From Lockdown Sceptics
Stay sane. Protect the economy. Save livelihoods.
An experienced senior software engineer, Sue Denim, has written a devastating review of Dr. Neil Ferguson’s Imperial college epidemiological model that set the world on a our current lock down course of action.
She appears quite qualified.
My background. I wrote software for 30 years. I worked at Google between 2006 and 2014, where I was a senior software engineer working on Maps, Gmail and account security. I spent the last five years at a US/UK firm where I designed the company’s database product, amongst other jobs and projects.
She explains how the code she reviewed isn’t actually Ferguson’s but instead a modified version from a team trying to clean it up in a face saving measure.
The code. It isn’t the code Ferguson ran to produce his famous Report 9. What’s been released on GitHub is a heavily modified derivative of it, after having been upgraded for over a month by a team from Microsoft and others. This revised codebase is split into multiple files for legibility and written in C++, whereas the original program was “a single 15,000 line file that had been worked on for a decade” (this is considered extremely poor practice).

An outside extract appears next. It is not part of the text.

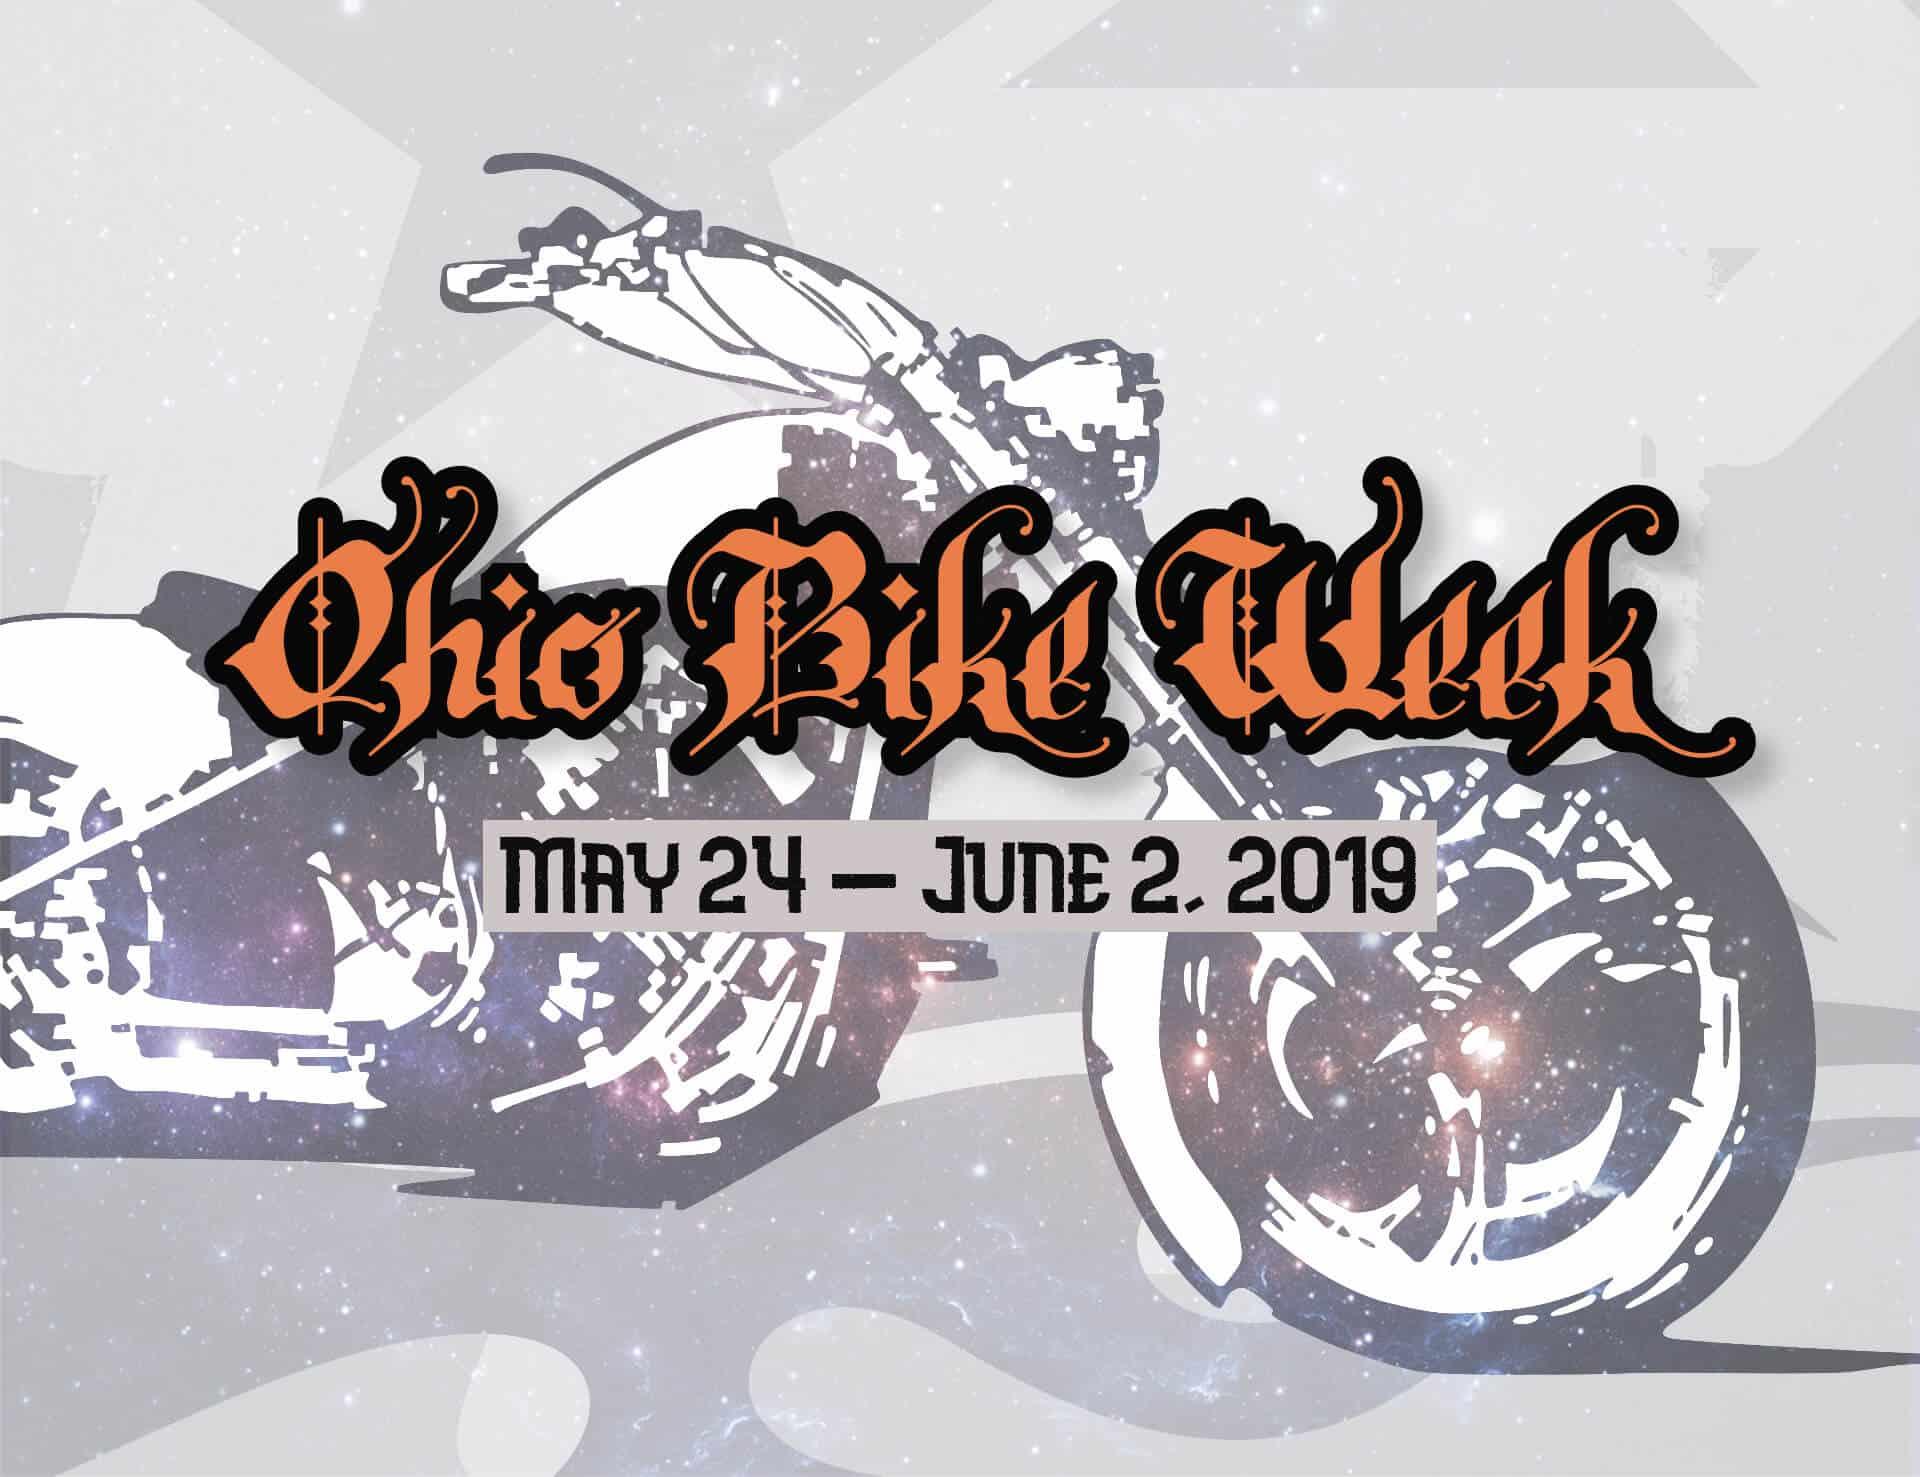 Stylized motorcycle on background of Ohio Bike Week May 24 - June 2, 2019
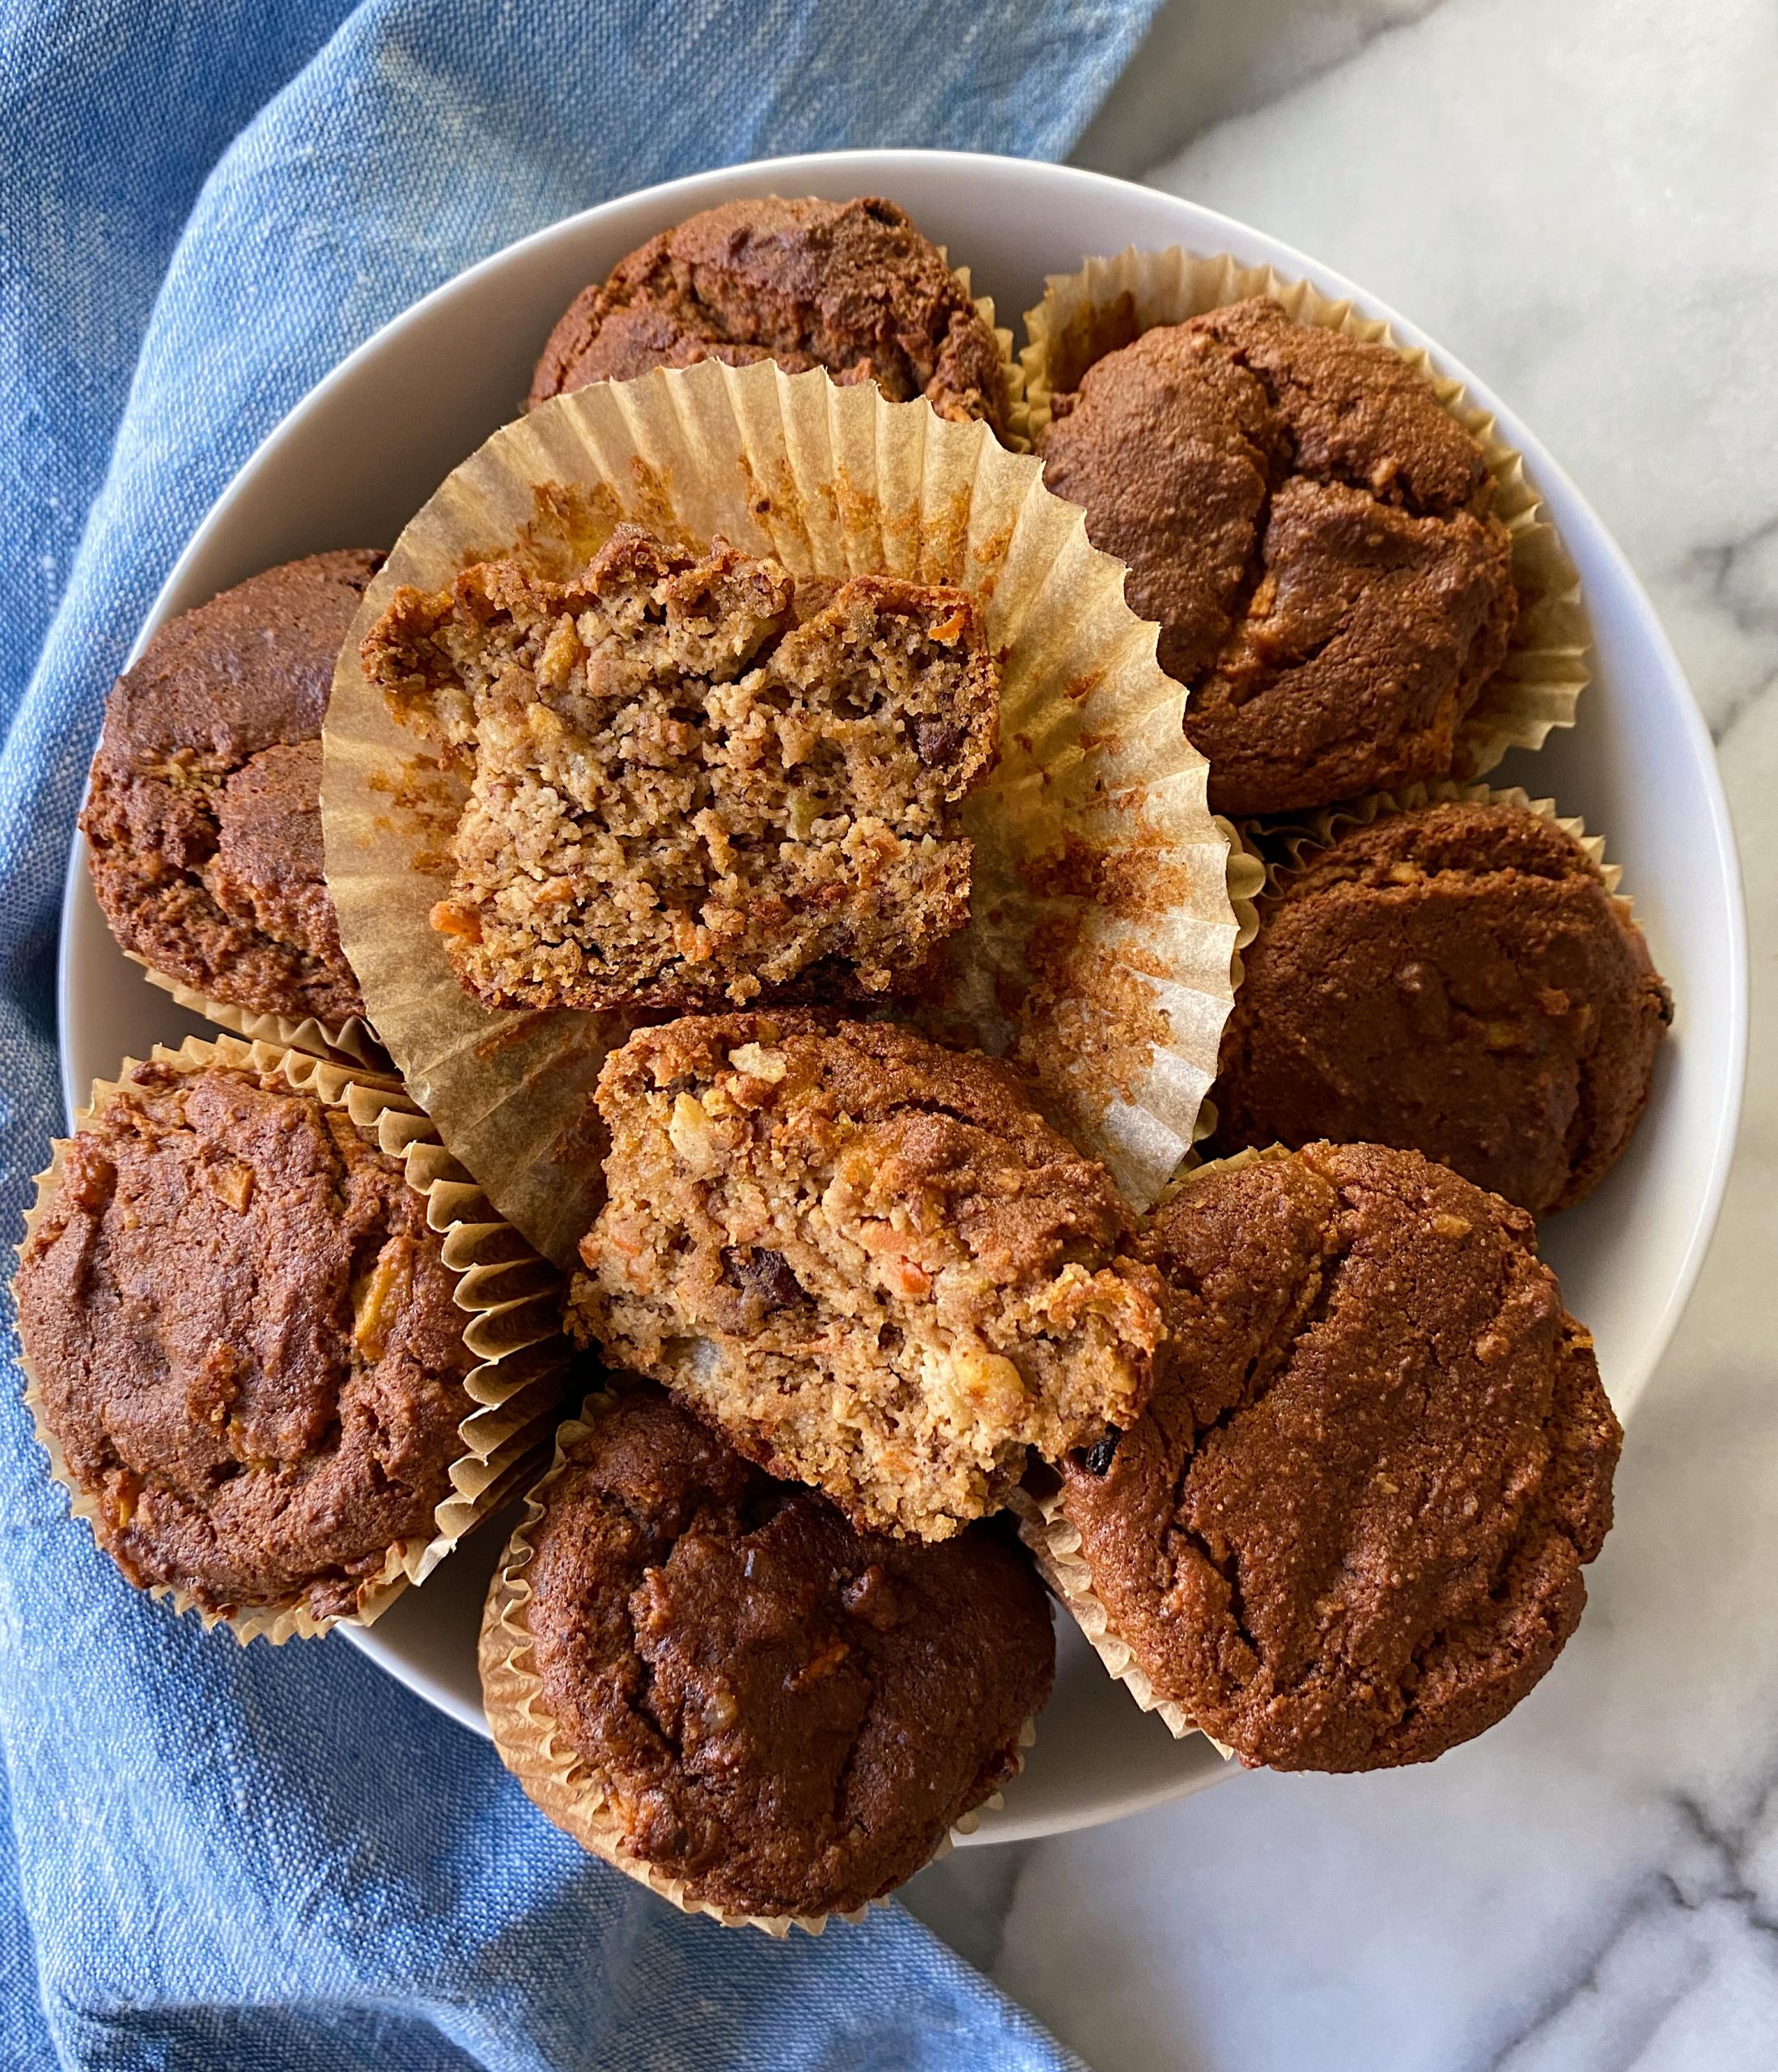 almond flour morning glory muffins easy recipe gluten free www.healthygffamily.com

She then discusses a fascinating aspect of this model. You never know what you’ll get!
Non-deterministic outputs. Due to bugs, the code can produce very different results given identical inputs. They routinely act as if this is unimportant.
This problem makes the code unusable for scientific purposes, given that a key part of the scientific method is the ability to replicate results. Without replication, the findings might not be real at all – as the field of psychology has been finding out to its cost. Even if their original code was released, it’s apparent that the same numbers as in Report 9 might not come out of it.
Ms. Denim elaborates on this “feature” quite a bit. It’s quite hilarious when you read the complete article.
Imperial are trying to have their cake and eat it. Reports of random results are dismissed with responses like “that’s not a problem, just run it a lot of times and take the average”, but at the same time, they’re fixing such bugs when they find them. They know their code can’t withstand scrutiny, so they hid it until professionals had a chance to fix it, but the damage from over a decade of amateur hobby programming is so extensive that even Microsoft were unable to make it run right.
Readers may be familiar with the averaging of outputs of climate model outputs in Climate Science, where it’s known as the ensemble mean. Or those cases where it’s assumed that errors all average out, as in certain temperature records.
Denim goes on to describe a lack of regression testing, or any testing, undocumented equations, and the ongoing addition of new features in bug infested code.
Denim’s final conclusions are devastating.
Conclusions. All papers based on this code should be retracted immediately. Imperial’s modelling efforts should be reset with a new team that isn’t under Professor Ferguson, and which has a commitment to replicable results with published code from day one.
On a personal level, I’d go further and suggest that all academic epidemiology be defunded. This sort of work is best done by the insurance sector. Insurers employ modellers and data scientists, but also employ managers whose job is to decide whether a model is accurate enough for real world usage and professional software engineers to ensure model software is properly tested, understandable and so on. Academic efforts don’t have these people, and the results speak for themselves.